# Skier Follows Tracks Off Cliff



## koi (May 16, 2013)

I don't know how to embed the video, but check this out. I'm not trying to hate on the skier (it was a shock for me and i knew it was coming), but he serves a lesson to people to learn the terrain and be aware. 

This Is Why You Never Trust Another Skier's Tracks


----------



## ryannorthcott (Dec 17, 2010)

Whoa that was intense! I can't believe he only got a 'minor shoulder injury', that looked like just about a straight drop off.


----------



## t21 (Dec 29, 2010)

That would definitely make you shit your pants:laugh:


----------



## mhaas (Nov 25, 2007)

lol His panic voice cracks me up. Glad he's ok. That looked like a pretty far drop. Maybe since I knew it was coming I was looking for the cliff but it didn't seem to hard to find in time to stop. He should have made a decision sooner. Stop or spread your wings and fly. I went over a good sized cliff without knowing until it was too late last season during a white out. Scary shit. Luckily I landed in pow.
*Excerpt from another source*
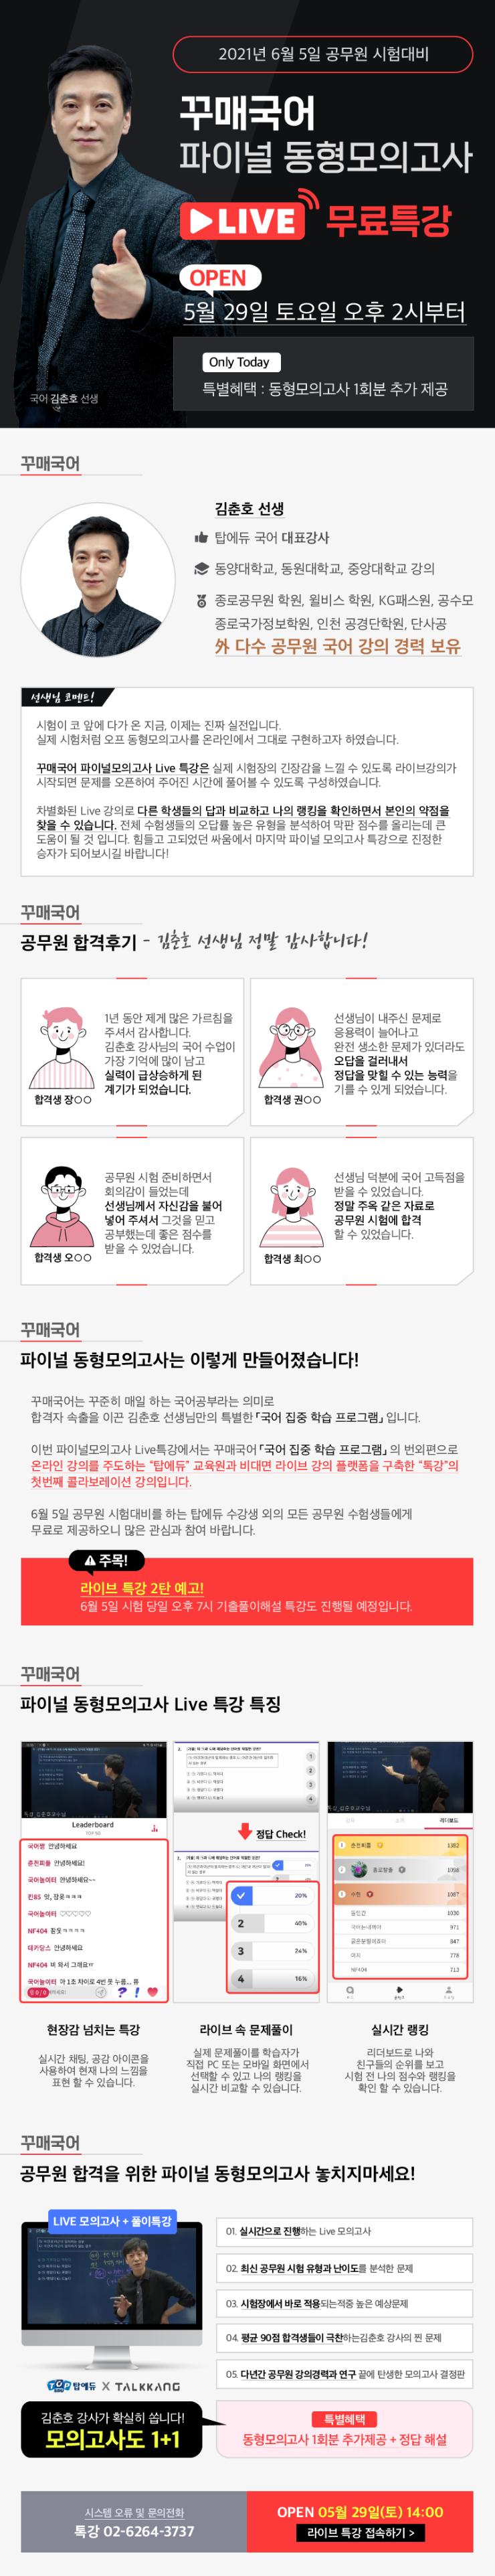 210517_꾸매국어_특강게시판 가이드라인 1.png
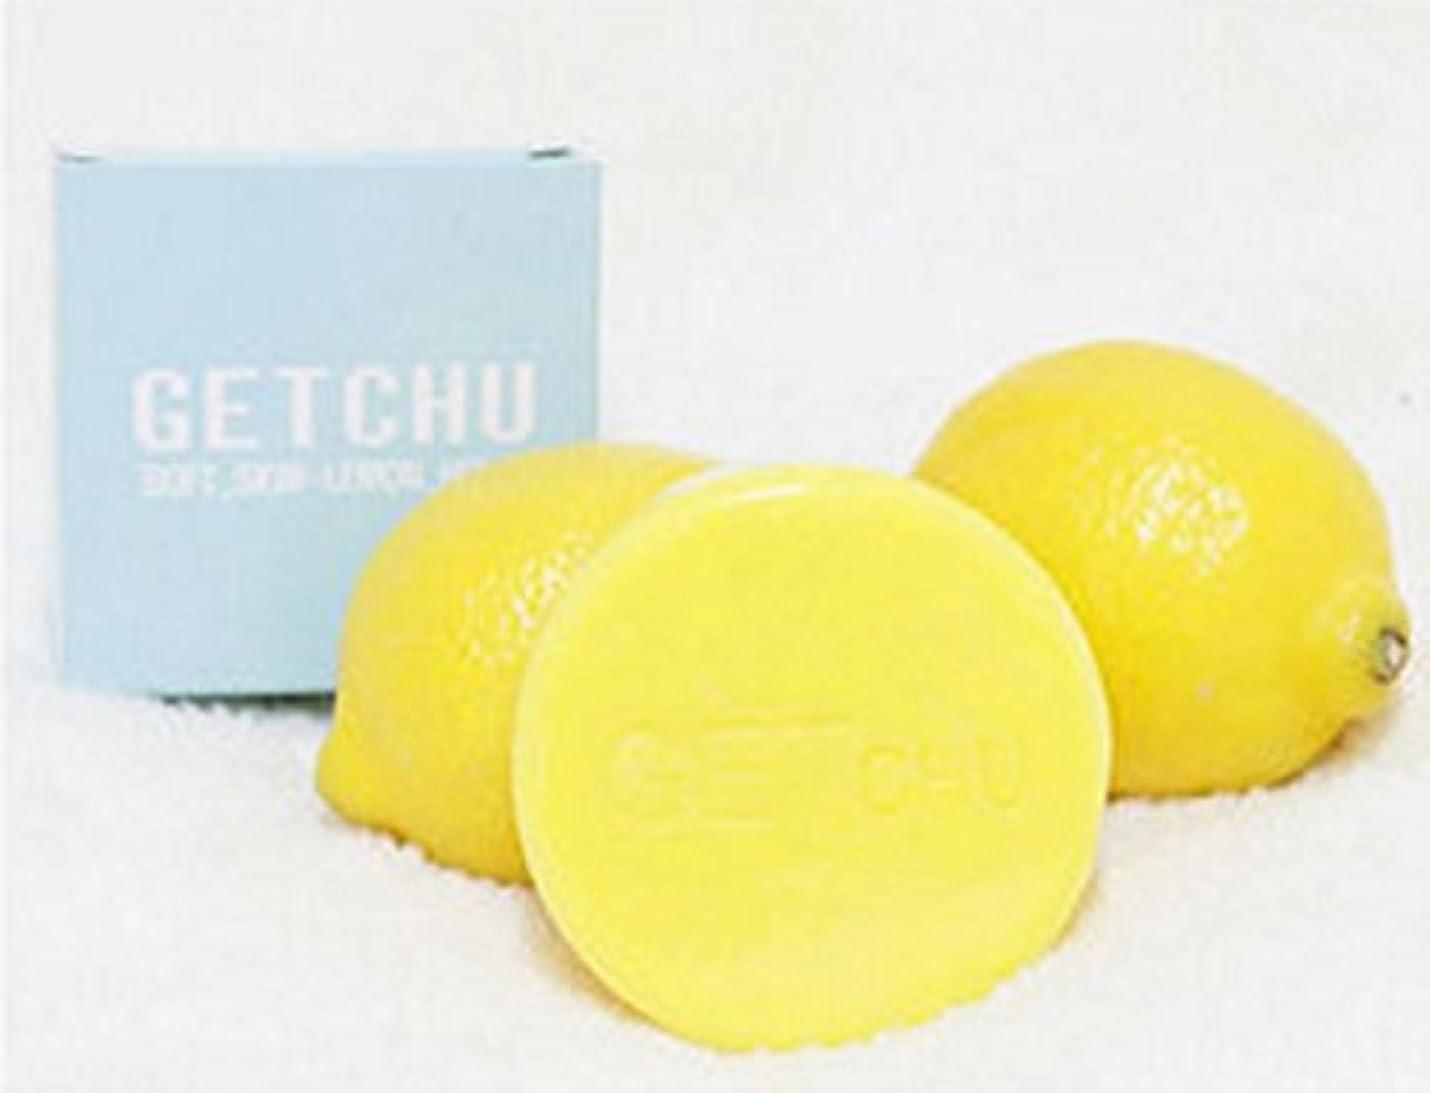 ミニ体細胞お勧め[ソフト スキン ] ゲット ズ- (Get Chu) レモンソープ 石鹼 , 美白 泡洗顔料, ユギノン レモンの成分 ホワイトニング効果/ バブル網 贈呈 [海外直送品]

And the thing about it being too good to be true is so true. If there are no tracks in one area but tracks everywhere else, theres either a cliff or flat.


----------



## ShredLife (Feb 6, 2010)

hahah what a spaz... i'd stomp that shit..

also, how did he not have time to stop - that was a pretty obvious cliff.. do you even lift bro?

also, nice southpark ref in the article: "That, and if you "french fry" when you mean to "pizza," you're going to have a bad time."


----------



## freshy (Nov 18, 2009)

ShredLife said:


> hahah what a spaz... i'd stomp that shit..
> 
> also, how did he not have time to stop - that was a pretty obvious cliff.. do you even lift bro?
> 
> also, nice southpark ref in the article: "That, and if you "french fry" when you mean to "pizza," you're going to have a bad time."


I tend to agree with you, if you know you couldn't stop and are going to take a drop it seems better to launch and hope for the best rather than try to slide down it on your ass. But shit like that is easy to say from your couch. But still...


----------



## timmytard (Mar 19, 2009)

Technically, that's a cliff, I guess

He made that way worse for himself, by falling to the side just as he's going over.

That just sends him into some sort of under flip?

A bit bigger & I think he lands that trick I'm positive that's a trick

If he stays upright, he rides it out maybe wreck his skis?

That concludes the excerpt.